Benin does have one significant advantage – its pineapples are significantly cheaper than those in the Asia-Pacific to import and have been consistently so. From 2018 to 2021 the primary value of Benin’s pineapples per kilogram averaged US $1.4 compared to Indonesia’s US $14.7, Thailand’s US $2.4 and the Philippines’s US $4.7 all also fluctuated in value. Benin can definitely utilise this when trying to capture the market.

Benin can also leverage the difference in the pineapple variety. Benin mainly produces the Sugar Loaf variety and the Asia-Pacific Smooth Cayenne, the Honey Malang and the Singapore Spanish. An advantage of the Sugar Loaf is that it has almost no acidity in comparison to Asian pineapples, which are preferred by most consumers for taste and health reasons. The Sugar Loaf can also last for a few days longer in the refrigerator than Asian varieties, which is also a great selling point.
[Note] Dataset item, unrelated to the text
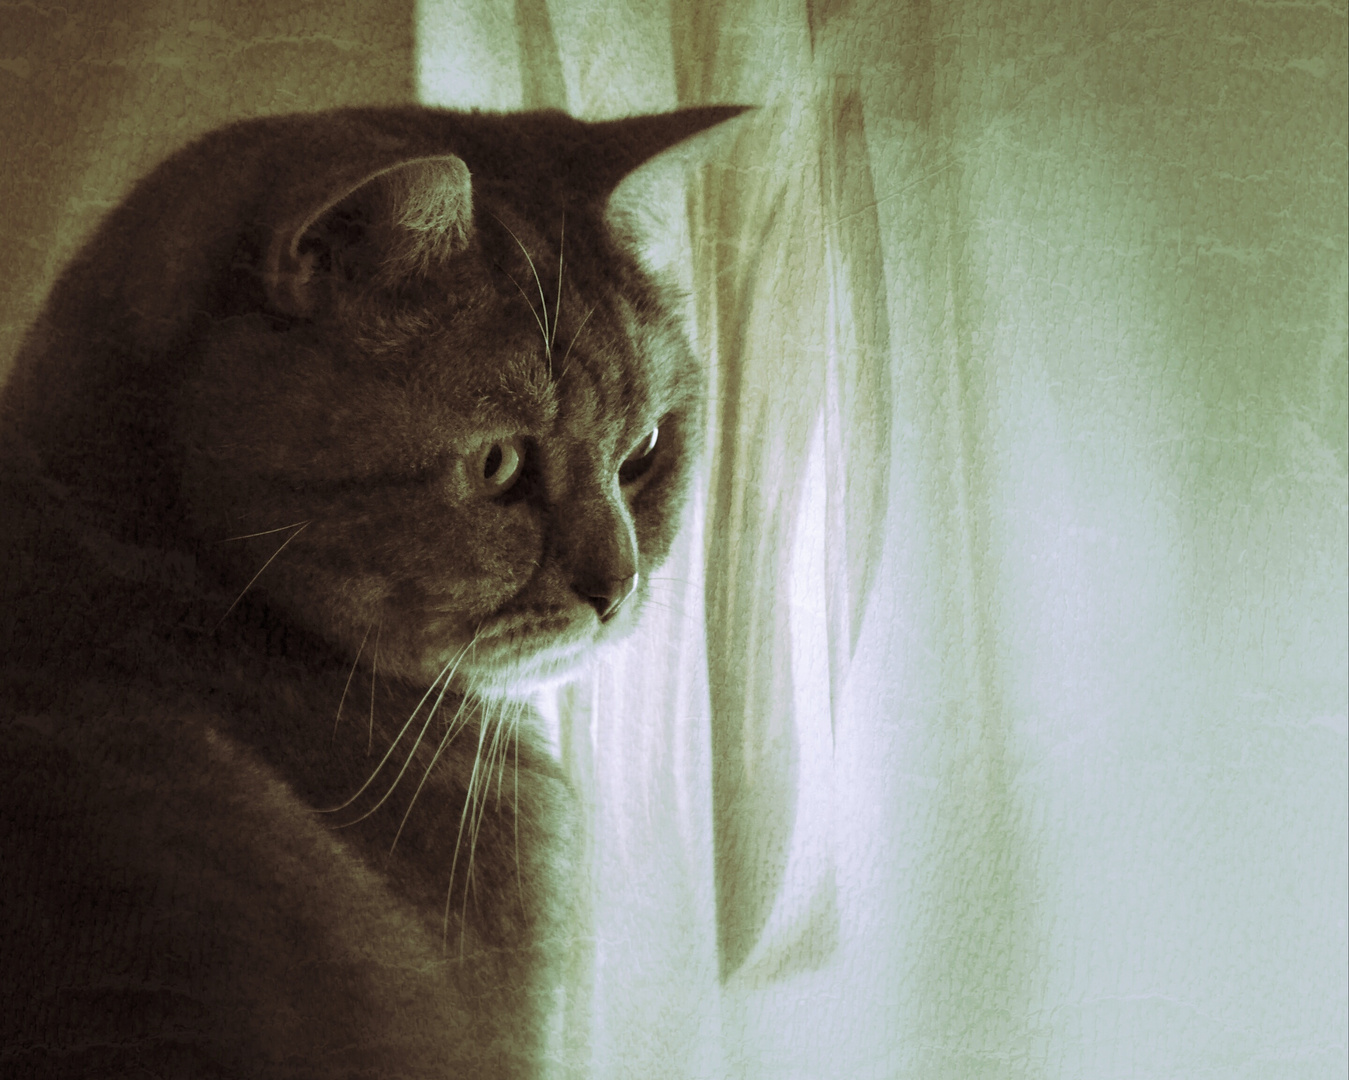 *Katze am Fenster*

Another factor that can weigh in Benin’s favour is that China’s trade deals and import patterns in the Asia-Pacific region have been somewhat volatile of late. For example, China banned pineapple imports from Taiwan in 2021, and Vietnamese fruit has also just been blocked from entering China. These types of shifts can create windows of opportunity for Benin, albeit not necessarily a long-term one.

Furthermore, African leaders have been encouraging China to do more to support Africa’s industrialization by financing programs of manufacturing and value-addition, and it seems China is gearing up to respond better to these demands. Thus, Benin should continue to press for Chinese investment in the processing of canned pineapples, pineapple juice and pineapple syrup and powder, whether then exported to China or to other destinations.

Last but not least, to execute these strategies properly, Benin’s government and more importantly pineapple exporters also need to have a strong understanding of the Chinese market including consumer preferences, effective marketing strategies and potential sales channels – something we support with through our Africa Reimagined programme.

The news that super sweet Beninois pineapple will soon be in China is positive. But it will also certainly take more work from all sides to make it really make a difference to Benin’s pineapple farmers – who should be the ultimate beneficiary of all these changes.

Article by Rosie Wigmore. Wigmore is the Project Manager of the Global Trade team at Development Reimagined. She focuses on researching developments in the Africa-China trade relationship and supporting high-end African brands with entering the Chinese market.